Luh Oliva Saraswati Suastika
Department of Cardiology and Vascular Medicine, Faculty of Medicine, Universitas Udayana/Universitas Udayana Hospital, Denpasar, Indonesia. Email: [email protected]

Yudi Her Oktaviono
Department of Cardiology and Vascular Medicine, Faculty of Medicine, Universitas Airlangga, Dr. Soetomo General Hospital, Surabaya, Indonesia

Djoko Soemantri
Department of Cardiology and Vascular Medicine, Faculty of Medicine, Universitas Airlangga, Dr. Soetomo General Hospital, Surabaya, Indonesia

Ferry Sandra
Department of Biochemistry and Molecular Biology, Faculty of Dentistry, Universitas Trisakti, Jakarta, Indonesia
Online First: April 30, 2021 | Cite this Article
Suastika, L., Oktaviono, Y., Soemantri, D., Sandra, F. 2021. Purple sweet potato extract and vitamin C increase the proliferation of endothelial progenitor cells from stable coronary artery disease patients. Bali Medical Journal 10(1): 243-248. DOI:10.15562/bmj.v10i1.2261


Introduction: Endothelial progenitor cell (EPC) numbers are reduced in stable coronary artery disease (CAD), partly due to oxidative stress. This study aimed to evaluate the effect of different antioxidants, purple sweet potato (PSP) extract and vitamin C, on EPC proliferation in stable CAD patients.

Methods: Peripheral blood mononuclear cells were isolated and cultivated on fibronectin-coated plates with the colony-forming unit (CFU)-Hill medium for three days. Non-adherent cells were divided into control, PSP extract (1, 5, 25 μg/ml), and vitamin C (10, 50, 250 μg/ml) groups; then cultured for two days. EPC proliferation was assessed with MTT Cell Proliferation Assay Kit. EPCs were identified by detecting the expression of CD34. Resulted CFU-Hill colonies were counted under an inverted light microscope.

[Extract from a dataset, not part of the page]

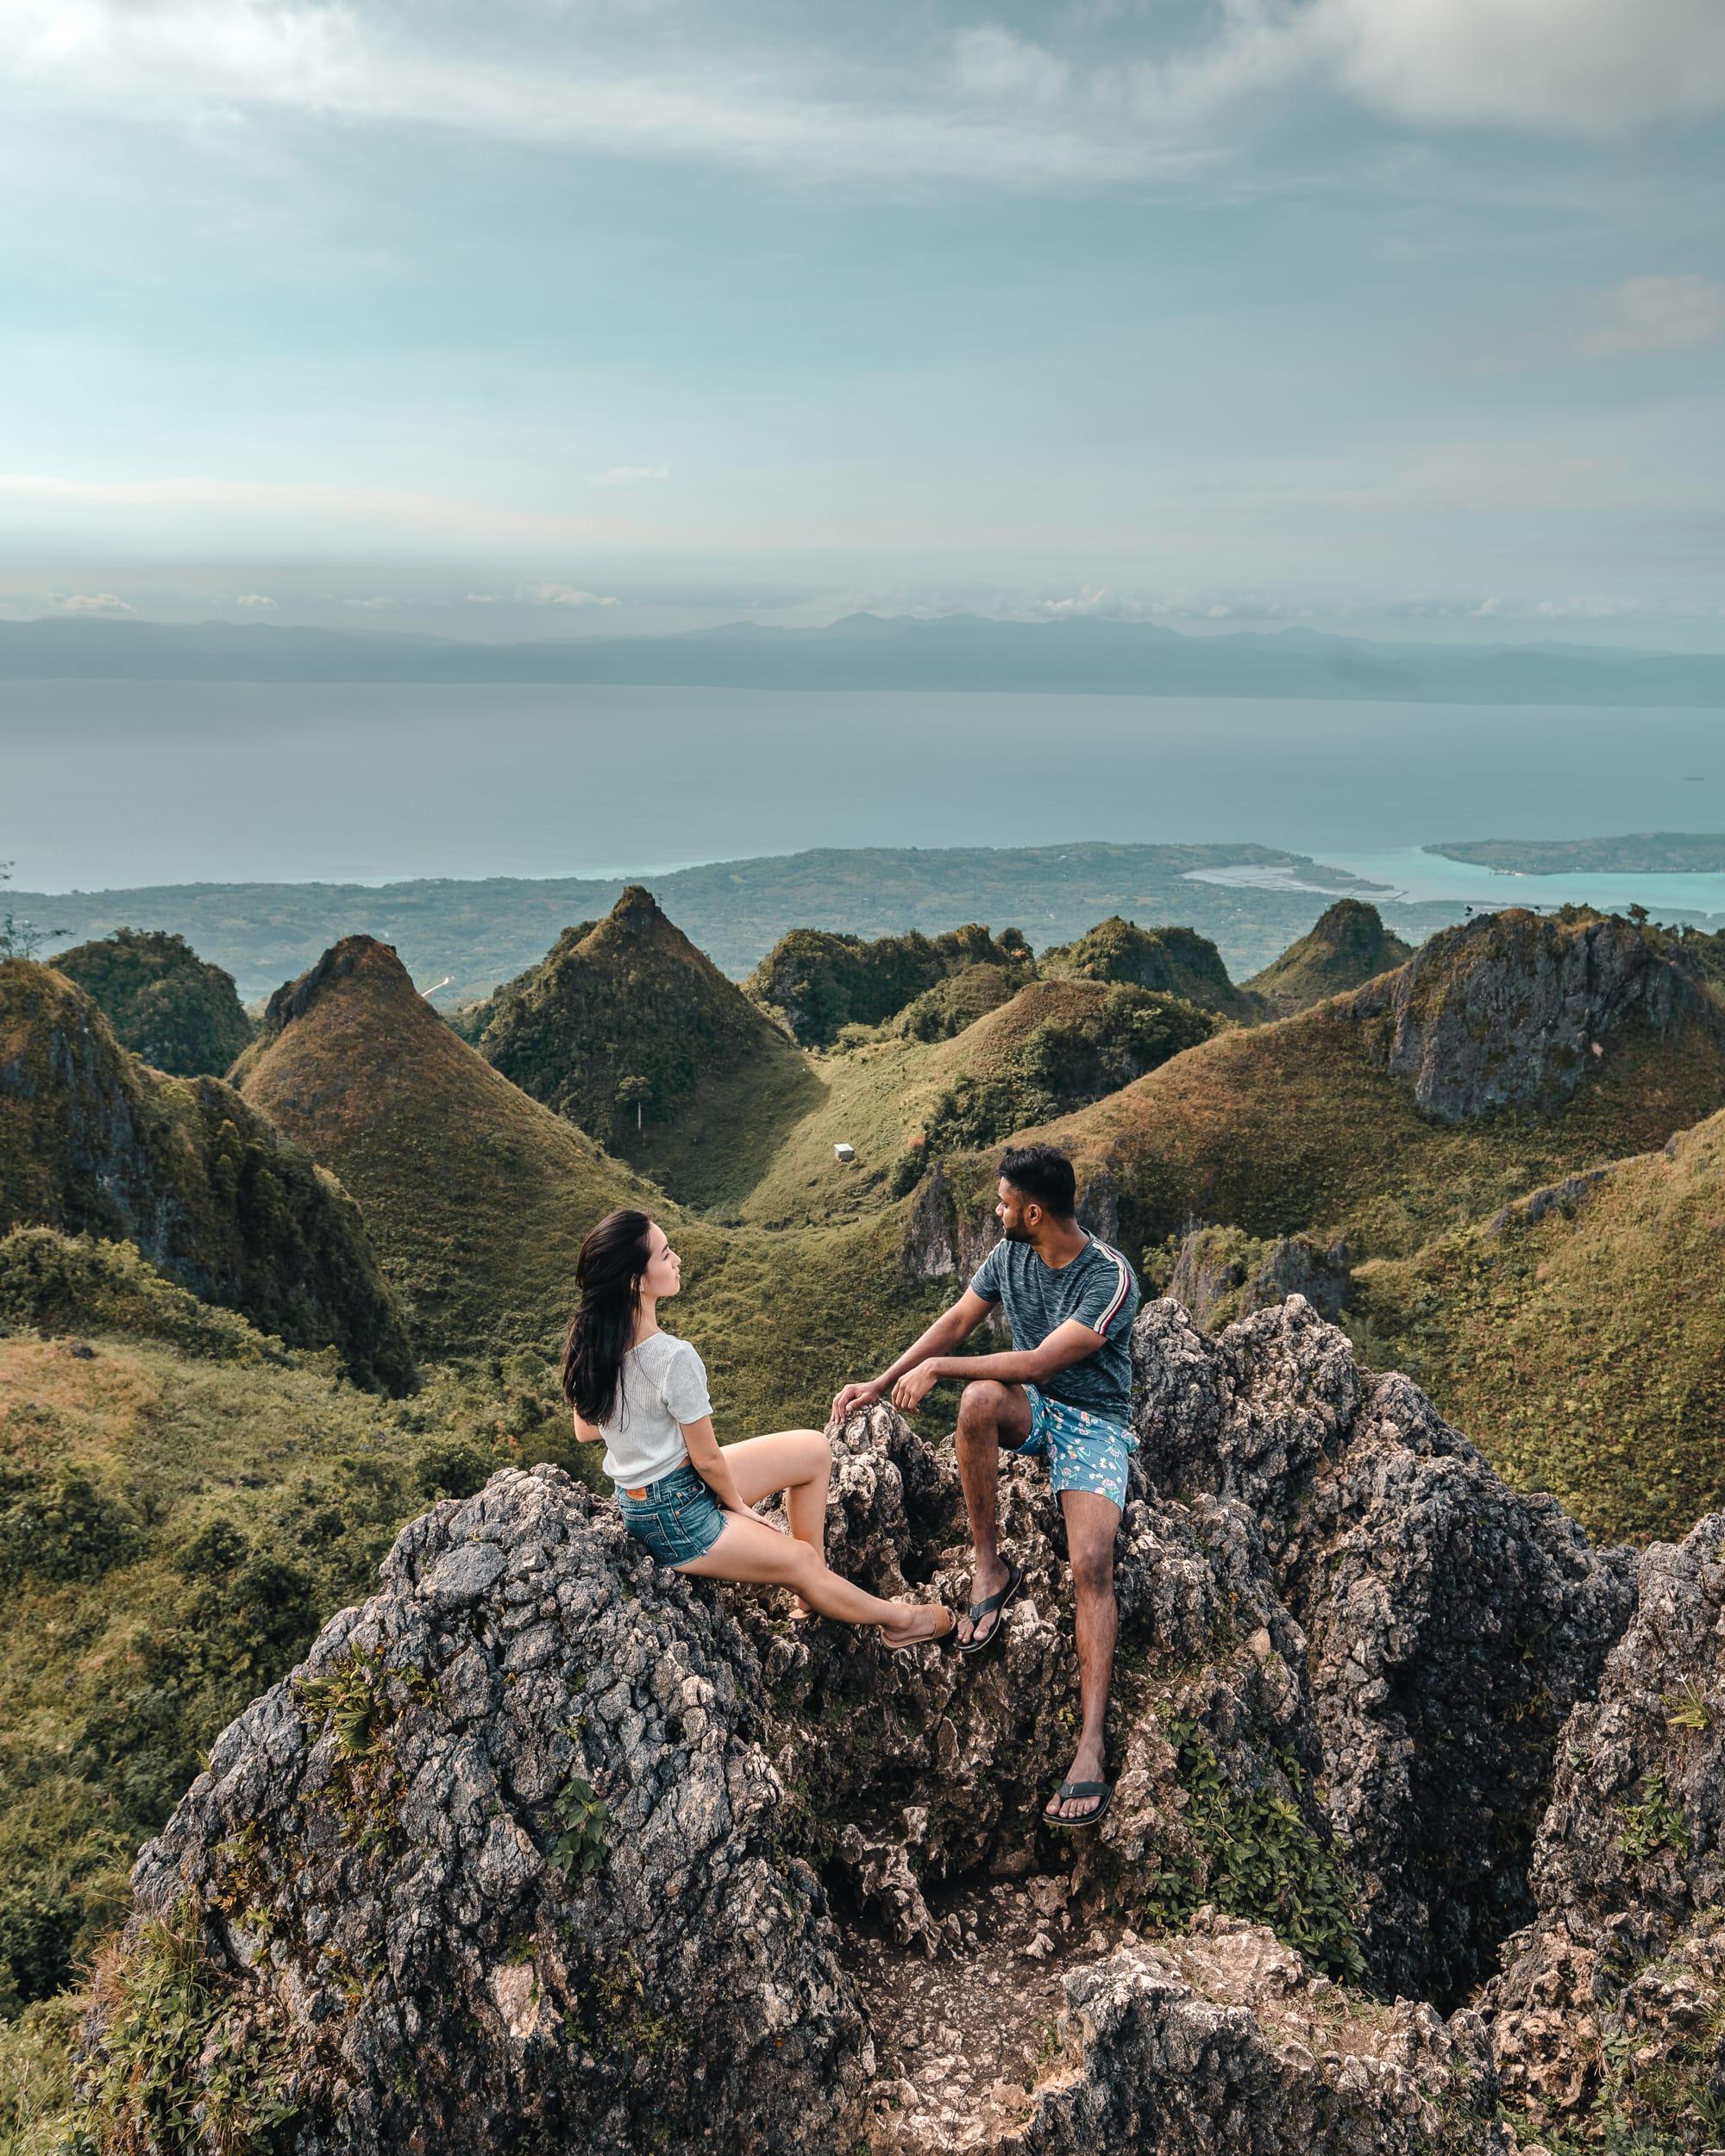 cebu-budget-guide-osmena-peak

Results: EPC proliferation was increased in low, moderate, and high doses of PSP extract and vitamin C compared to control (all groups vs. control, p<0.001). The high dose of PSP extract increased EPC proliferation non significantly compared to the moderate dose (p=0.289). Vitamin C increased EPC proliferation better than PSP extract in moderate and high dose groups (p=0.042 and p<0.01, respectively). Meanwhile, the low dose of both treatments increased the EPC proliferation equally (p=0.353). CFU numbers, representing EPC differentiation capability, were highest in the groups given PSP extract compared to control and vitamin C groups.

Conclusions: PSP extract and vitamin C increased EPC proliferation dose-dependently. Vitamin C induced EPC proliferation better than PSP extract. Furthermore, PSP extract was presumably a better EPC differentiation inducer.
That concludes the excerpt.